Shortly after purchasing New Lodge, they had it enlarged and remodeled in a classical revival style more in keeping with the times. Renamed Ames Villa, the transformation was so thorough it essentially rendered the original structure unrecognizable.
Despite its new façades and enlarged footprint, the couple considered Ames Villa, a rather simple seaside retreat compared to their other lavish residences.
Ames was not able to enjoy his new Newport home for long, dying in June of 1921. Edith married again after a decade of widowhood, becoming Mrs. Roger Wilson Cutler in 1931. She sold Stone Hill Farm within a few years of her second marriage, but the Cutlers kept Ames villa (retaining its name) until September of 1945, when they sold it to Mrs. J. P. (Jessie) Donahue for $65,000.
If the Cushings were wealthy, and the Ames vastly wealthy, Mrs. Donahue might have been considered obscenely wealthy. As one of the three daughters of Five and Dime King FW Woolworth, she had inherited a third of his colossal fortune.
Jesse had been considered something of a flashy parvenu in her younger years, certainly unaccepted in Newport’s more elite circles. As is often the case however, time, a penchant for lavish entertaining, and titled hangers-on had mellowed society’s opinion of her somewhat. In fact, her purchase of Ames Villa was part of the gradual process of simplifying her life that began after the death of her husband in 1931. Rechristened Rock Cliff, it was understated and compact compared her former homes in Southampton and Palm Beach.

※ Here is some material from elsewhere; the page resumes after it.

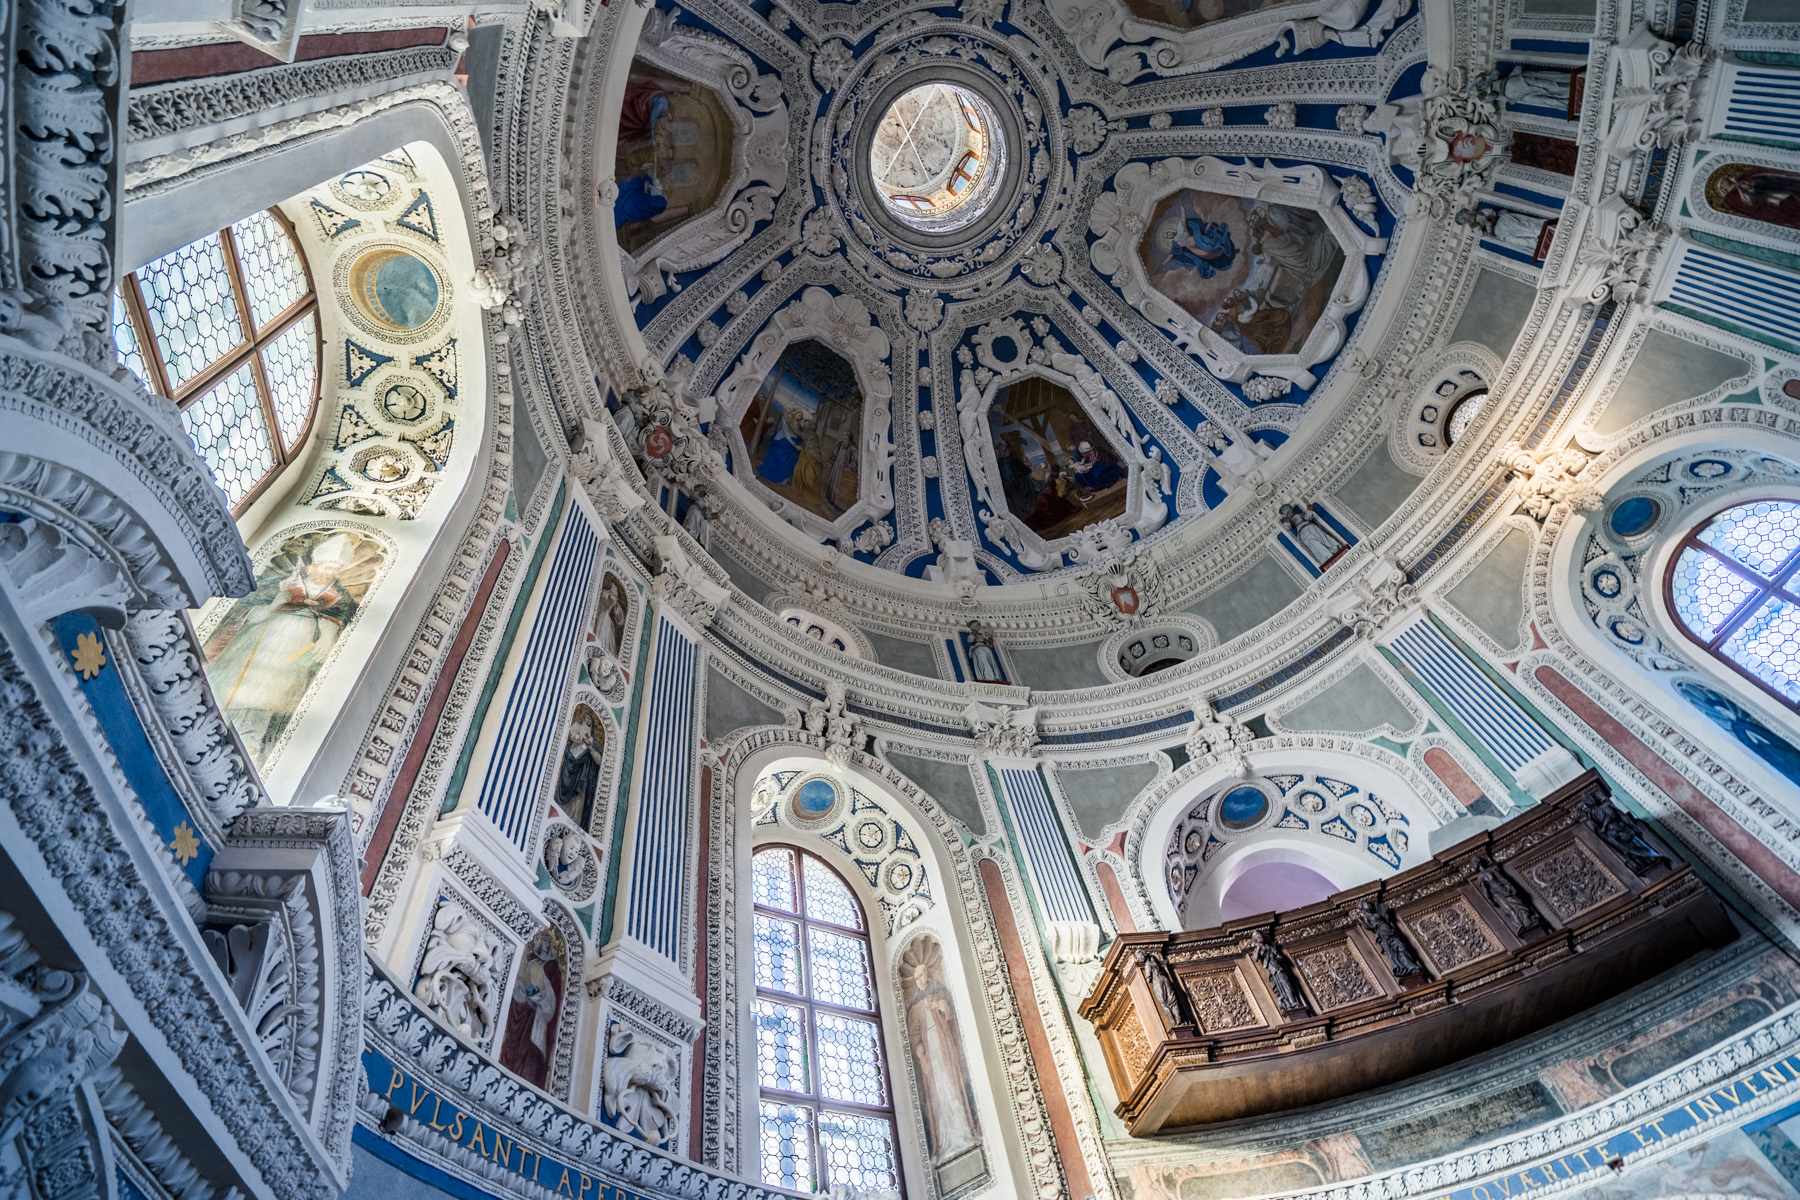 Bogato zdobiona barokowa kopuła kaplicy.

While the more imperious of Newport’s dowagers might have still looked down their noses at Mrs. Donahue, there was no denying Rock Cliff’s next owner, in the form of Harold Stirling Vanderbilt, as Newport Royalty.
The youngest son of William K and Alva Vanderbilt, Harold grew up summering in two of the resort’s iconic cottages, first Marble House and later Belcourt Castle (after his mothers second marriage, to Oliver Hazard Perry Belmont). An avid yachtsman and expert bridge player, Harold and his wife, the former Gertrude Conaway, became august members of the summer colony, a reminder of its gilded age glory.
When not at Rock Cliff ,the couple shuttled between a New York City apartment and their wonderful winter home in Manalapan, Florida.
Gertrude continued to occupy the cottage after Harold’s death in 1970. After Gertrude Vanderbilt’s death, Rock Cliff had several subsequent owners over the ensuing decades, until purchased most recently by Sam and Ann Mencoff. The Mencoffs have proved exemplary stewards sensitively restoring the cottage to its former glory.
A burnished jewel, it still sits proudly between Ocean View and Rough Point overlooking the Cliff Walk.